ROGER MILLER, SUNY POTSDAM
- Loss of biodiversity and natural habitats, depletion of the
aquifers, air and water pollution, our eventual inability to
grow sufficient food or to generate sufficient energy are all
problems cause by a large and rapidly growing human population.
Not only is it the primary cause of these problems, but no solution
exists to solving these problems as long as the population continues
to grow.
Populations cannot grow
indefinitely in a finite environment. The United States population
is currently growing at a 1% annual rate, and the worldwide population
is growing at a 1.3% rate per year; rates that are fairly low
compared to historic levels.
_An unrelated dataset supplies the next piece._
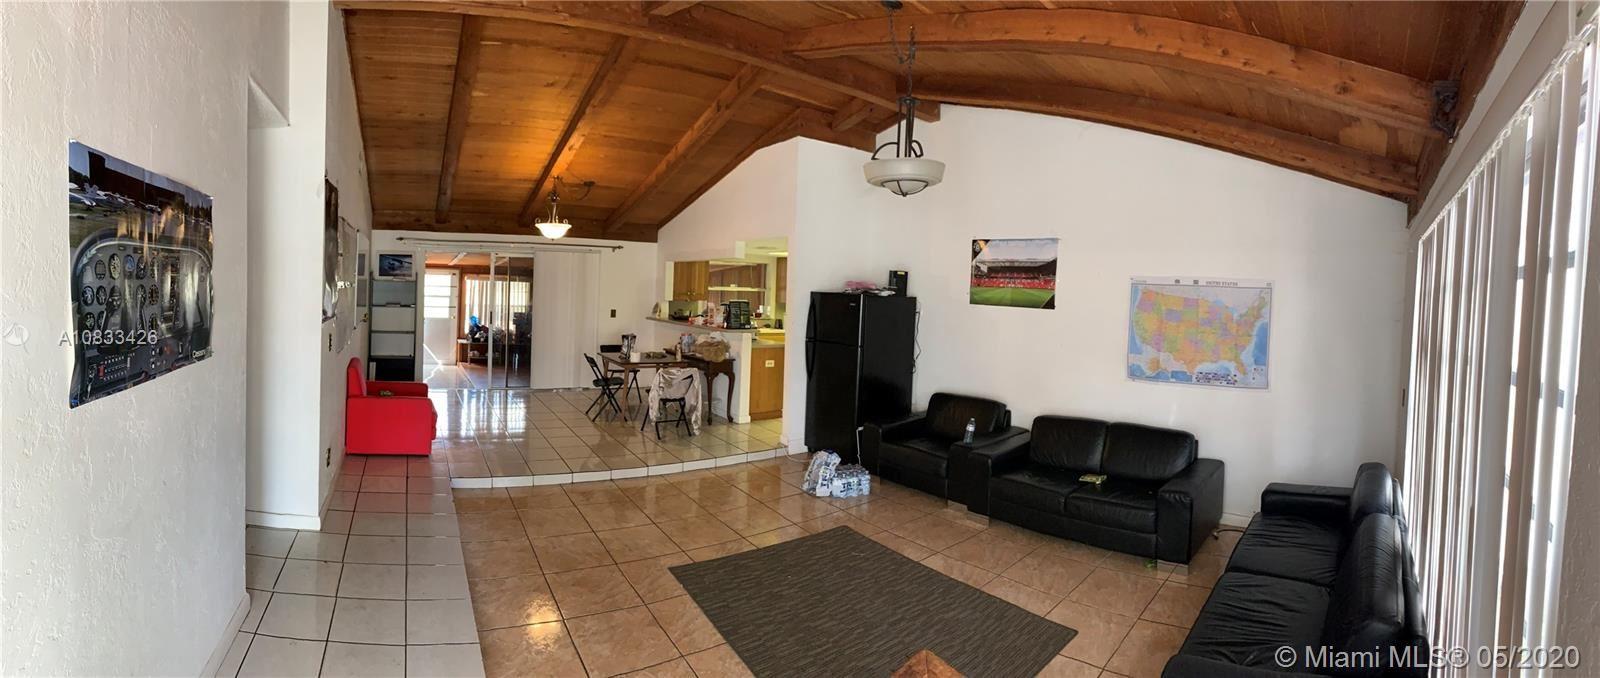 2700 Cypress Ct, Miramar, FL 33025 - #: A10833426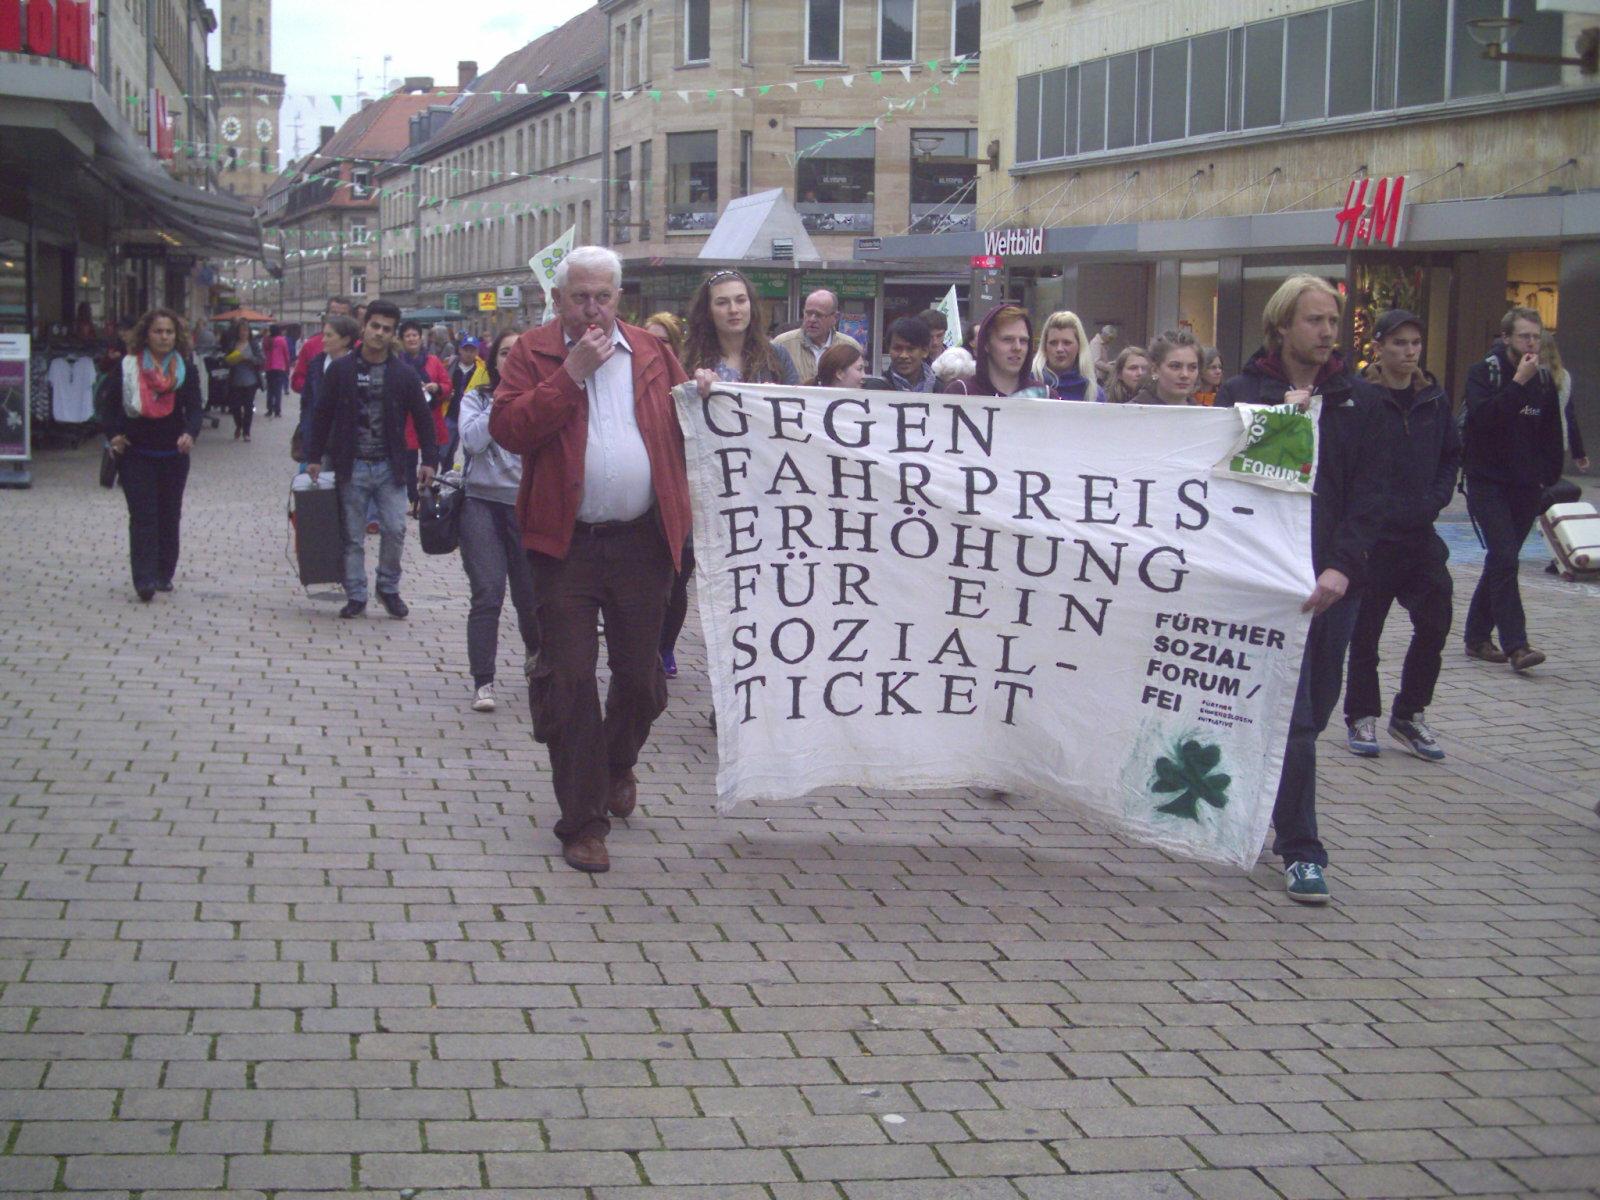 Demonstrationszug der Lärmdemonstration gegen Fahrpreiserhöhung in der Fürther Fußgängerzone

If the world's population continued
to grow at 1.3% for approximately 800 years, there would be 1
person for every 1 square meter of the earth's surface, and if
it could continue growing at this rate for approximately 2200
years, the mass of humanity would equal the mass of the earth.
Clearly before this happens we will reach a zero population growth
level if we are lucky, and if we are not lucky we will have a
period of enormous decrease in the population, whether by famine,
disease or some other natural or man-made catastrophe.
http://www2.potsdam.edu/millerrs/Population.html
JIM LYDECKER, GROWTH IS
MADNESS - The biggest crisis is overpopulation. Every problem,
be it environmental, economic, social or political, is directly
or indirectly connected to the 6.8-billion-pound gorilla in the
room. We have known this for years but it is one of the issues
no one, conservative or liberal, will touch. Instead, the official
policy is one of ignorance allowing the human species to breed
itself toward a massive die-off. . .
In just a little more than
130 years, humans have run through more than half the world's
reserves of oil and natural gas. Since population growth is contingent
on a readily available supply of cheap oil, collapse is inevitable.
The slippery slide down the slope of peak oil will be quicker
than the trip up.
Without cheap oil and natural
gas, the green revolution and the ability to feed all us billions
will be history. Few industries will be affected as great as
agriculture. Two that will be are those medical and pharmaceutical.
Thus, a future die-off
of biblical proportions will be primarily due to starvation and
disease. Throw in mass migrations and social strife and, boy,
do we have problems.
http://growthmadness.org/2007/11/25/grim-worldview-from-the-deck-of-the-titanic/
BRIAN CZECH AND HERMAN
E. DALY, WILDLIFE SOCIETY BULLETIN 2004 - A steady state economy
with long human life spans entails low birth and death rates.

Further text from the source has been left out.